Conditional statement grammar (CG) We construct a grammar using conditional statements aiming to replicate the GP behaviour in Table 1. The thresholds and the size of the increase and decrease of pilot power need to be predetermined, here the change is 1 dBm. The values were assigned in discussion with engineers using femtocell networks and a brief parameter sweep. Initial experiments with load were made to determine the threshold value and shape. The aim is to avoid overload or underutilization of the BS. The values of the thresholds are MT = 0, LeT = 0 and LT = 7, all thresholds are only binary, indicating gap or no gap, leakage or no leakage, and overload or no overload. A grammar that generates an algorithm which produces the states in Table 2 with unlimited pilot power changes, due to the recursive <function> , is shown in Fig. 5.

Symbolic regression statement grammar (SRG) Many functions were used to capture different behaviours. The terminals were chosen in order to give a large and explicitly unbiased search space, relying on evolution to determine the usefulness of the terminals. The <pre-op_step> is introduced to allow a step-like behaviour. Moreover, in order to avoid imaginary numbers, only the real valued part of the function values is used. We bias slightly towards non-monotonic solutions by using <expr_0> and also reduce the probability of using the recursive <exp> . The grammar adopted in this study is in MATLAB syntax and is presented in Fig. 6. The unary minus is uminus and non-recursive constant creation was used [8, 23].

Fig. 6
figure 6

Symbolic Regression Statement Grammar (SRG) creates variable length solutions, <expr> is recursive in several steps

Symbolic regression and conditional statement grammar (SRCG) To create the SRCG we combine the grammars in Figs. 5 and 6. The multiple <var> productions keep the grammar from “exploding” (see Harper [12]). The grammar has a bias towards expression using inputs compared to constants. It creates equations of the same form as SRG and uses predefined thresholds as in CG. Only the differences in CG and SRG are shown in Fig. 7.

Fig. 7
figure 7

Symbolic regression and conditional statement grammar (SRCG). Only the differences between the CG (Fig. 5) and SRG (Fig. 6) are shown

Grammar differences The theoretical length of the possible solution strings is the same for all grammars and since all grammars are recursive, it is infinite. However, each setup has an explicit solution length limit. Furthermore, SRG and SRCG have an implicit limit imposed by the max call-stack depth in the MATLAB environment.
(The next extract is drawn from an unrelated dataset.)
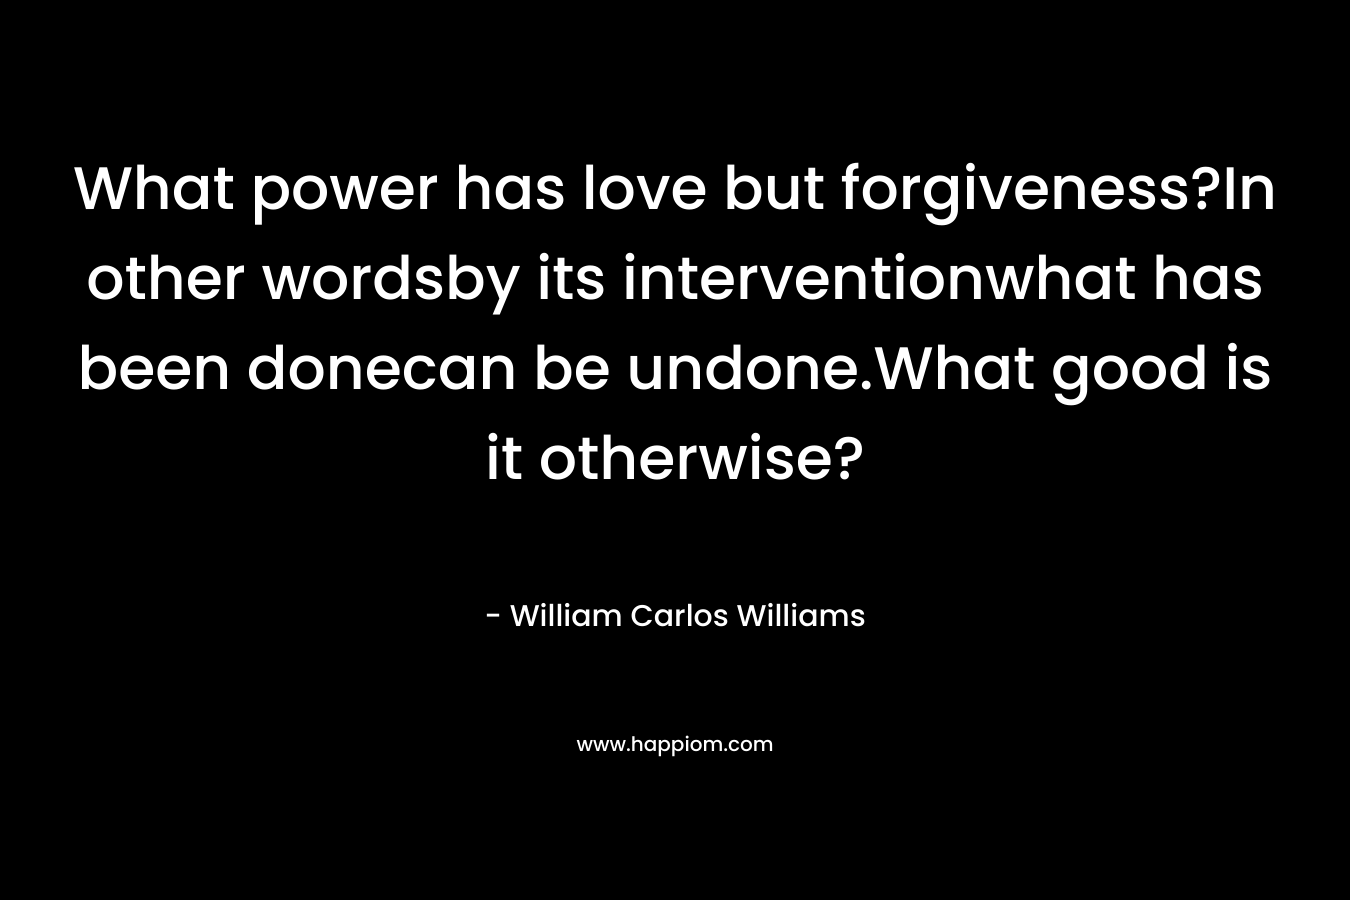 What power has love but forgiveness?In other wordsby its interventionwhat has been donecan be undone.What good is it otherwise?

On the contrary, the space of possible pilot power values when evaluating the solution is different. The pilot power values for SRGs are real valued, \({\rho \in \mathbb{R}, }\) and accordingly infinite. In contrast, the pilot power values for CG are finite or countably infinite since the pilot power changes are discrete, \({\rho \in \mathbb{Z}. }\) This is reflected in the parameters that need to be decided in the conditional grammar. Moreover, there is an explicit bias to changes of size one in the CG compared to the SRG.

The number of symbols in SRG is larger than in CG. In addition, SRG can construct solutions which are functions, dependent on multiple input thresholds. The size of the search space of possible solutions is greater. The SRCG has the most symbols and can generate the same equations as SRG, but generates multiple expansions, one for each state, hence the solutions are expected to be longer.

3.2.2 Random sampling and enumeration of static pilot power

We use random sampling and enumeration of fixed pilot power (SE) for analysing the behaviour of the simulation and creating optimized man made solutions. In order to make enumeration feasible, high fitness ranges known from when the pilot power is the same for all BSs are picked. The best fixed pilot power values are shown in Table 3. We also randomly sampled from the entire pilot power range. One problem with this approach is that the positioning of the cells needs to be maintained when deployed. Furthermore, random search and enumerating solutions cannot generalise to a different number of femtocells.

Table 3 Best enumerated static solutions for different scenarios

3.2.3 GE setup

A modified version of GE was used, based on GEM (http://ncra.ucd.ie/GEM/GEM.tgz). Nodal mutation is used [3], the nodal mutation operator has a superior property of locality compared to the standard GE mutation operator. In addition, nodal mutation is only applied to individuals that have not undergone crossover.

NSGA-II is used to rank the individuals according to domination, a solution is dominated if there is another solution which is better for all the fitness objectives. The top individuals from each front are used until the population is filled (see Deb et al. [7]). When reinitializing individuals the depth is picked from the distribution of depths on the first front. This is both an attempt to restrict bloat and search depths containing good solutions. In addition, all evaluated solutions are added to a tabu list. If a solution is already on the tabu list it will also be reinitialized. Furthermore, monotone solutions are not allowed. In order to reduce fitness function evaluations, CG and SRCG have a simplified measure of monotonicity compared to the SRG. The possible states of the inputs are passed into the evolved solution to see if it always increases, decreases or maintains its pilot power level. Finally, the input values in the grammars are then normalized.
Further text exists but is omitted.